## Task prompt:
Repeat the data word for word and skip the pictures.

## Data block:
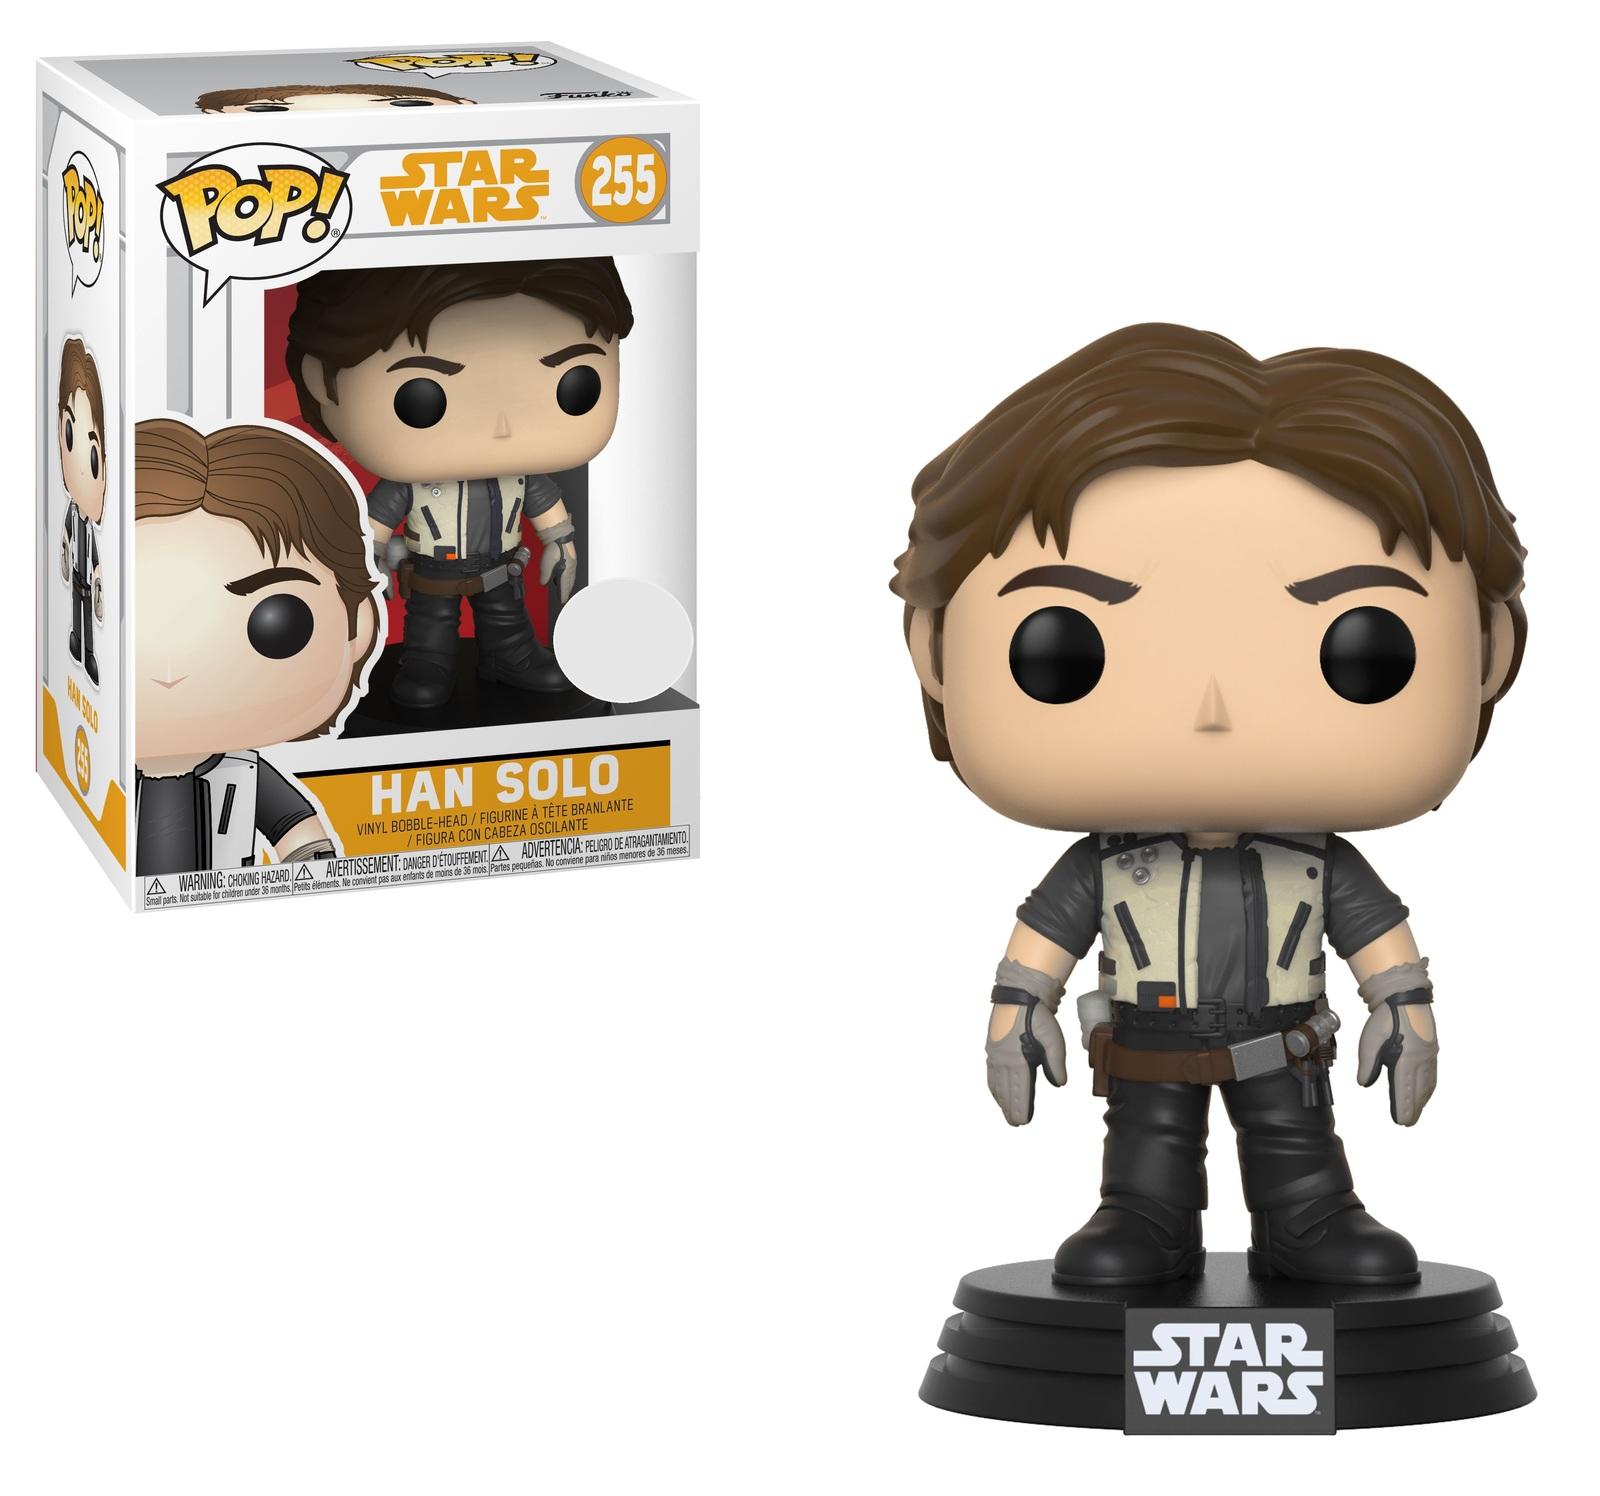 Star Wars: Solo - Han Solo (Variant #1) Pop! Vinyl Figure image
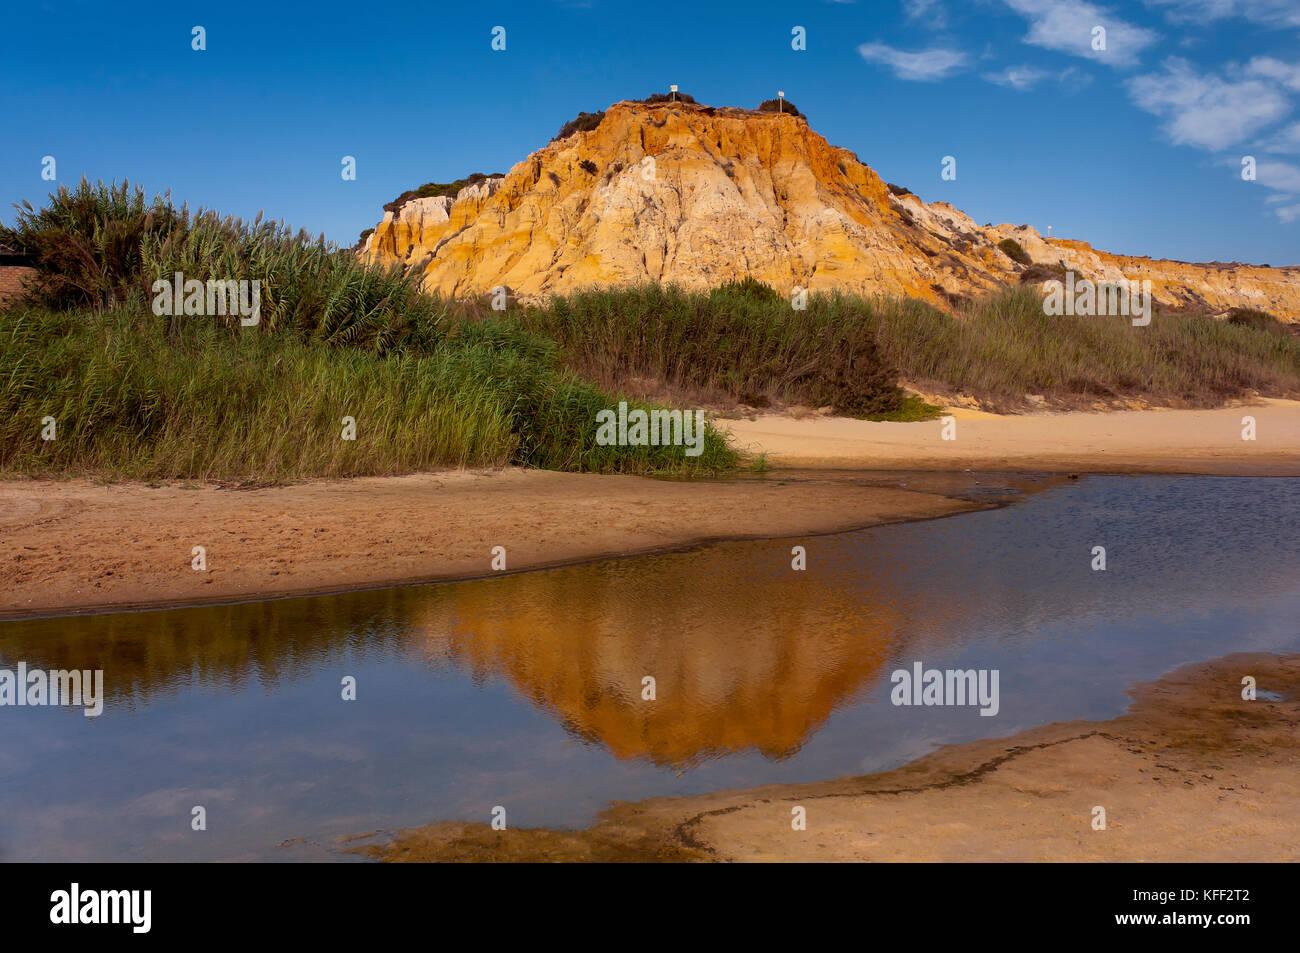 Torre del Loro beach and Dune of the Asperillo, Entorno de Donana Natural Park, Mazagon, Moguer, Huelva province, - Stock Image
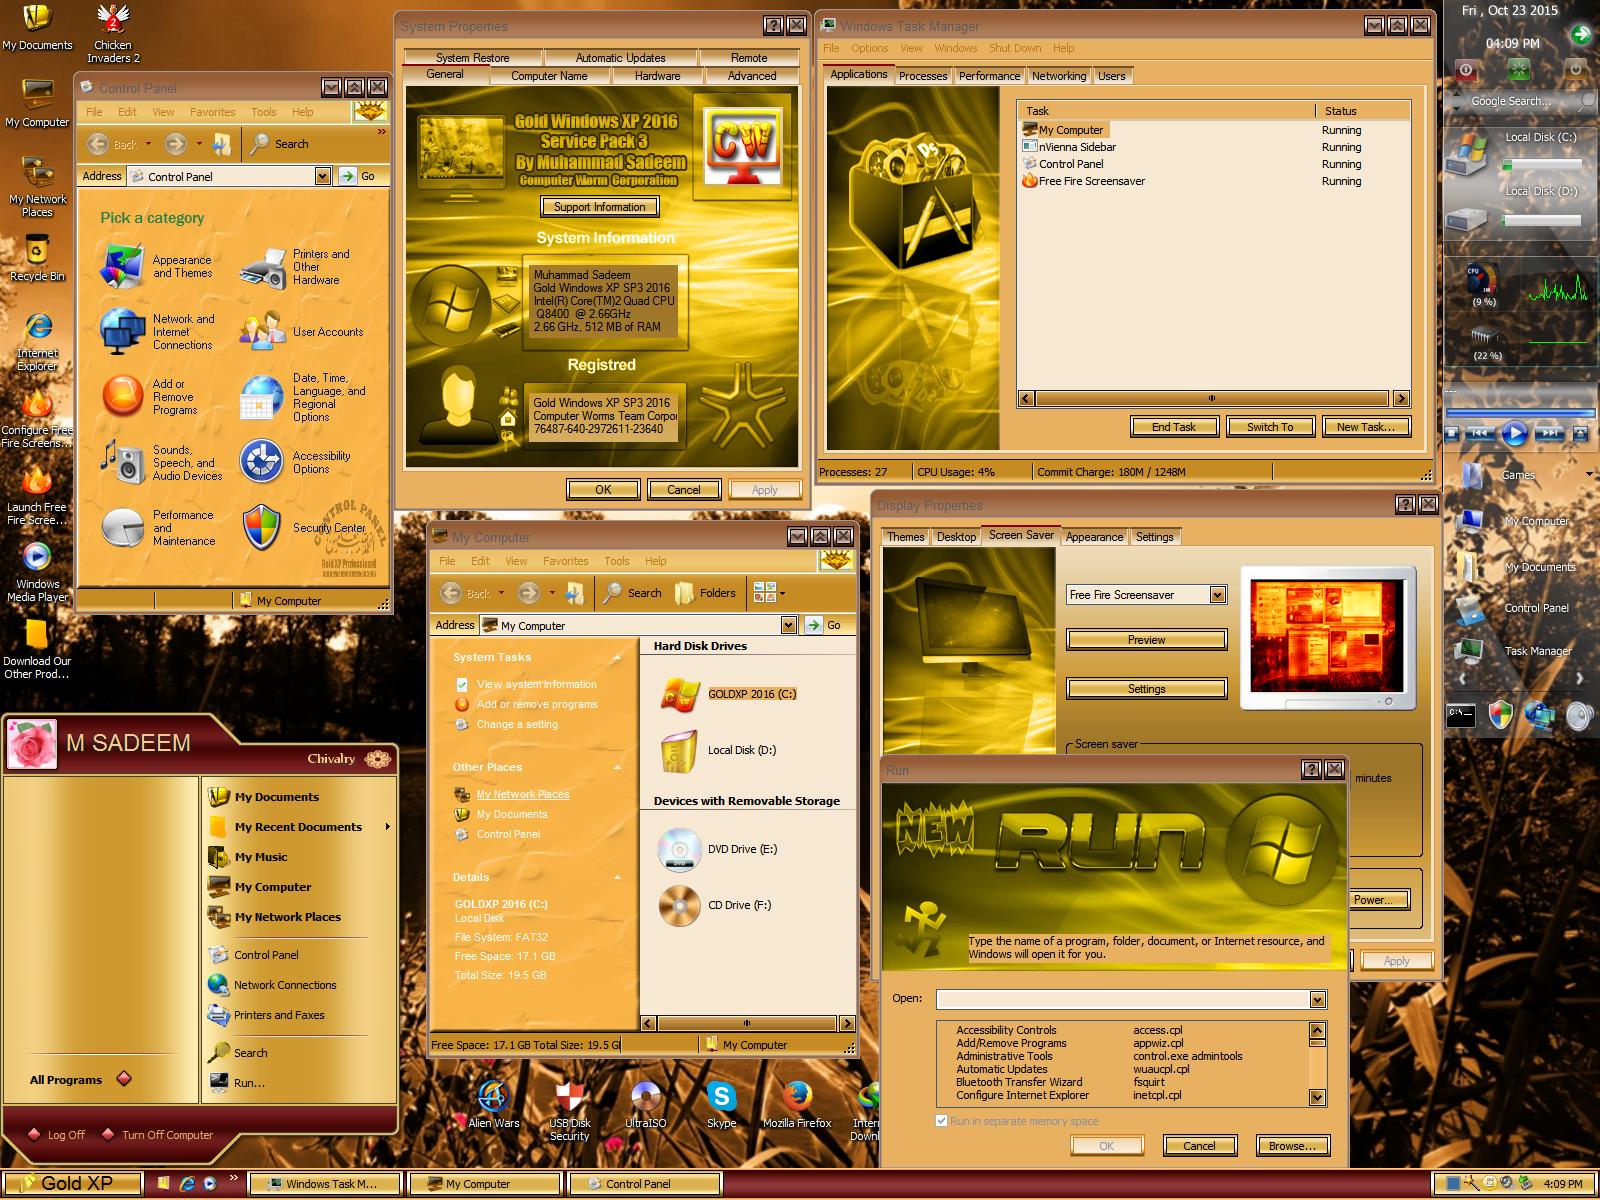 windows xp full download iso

## Task result:
 Star Wars: Solo - Han Solo (Variant #1) Pop! Vinyl Figure image
 Torre del Loro beach and Dune of the Asperillo, Entorno de Donana Natural Park, Mazagon, Moguer, Huelva province, - Stock Image
 windows xp full download iso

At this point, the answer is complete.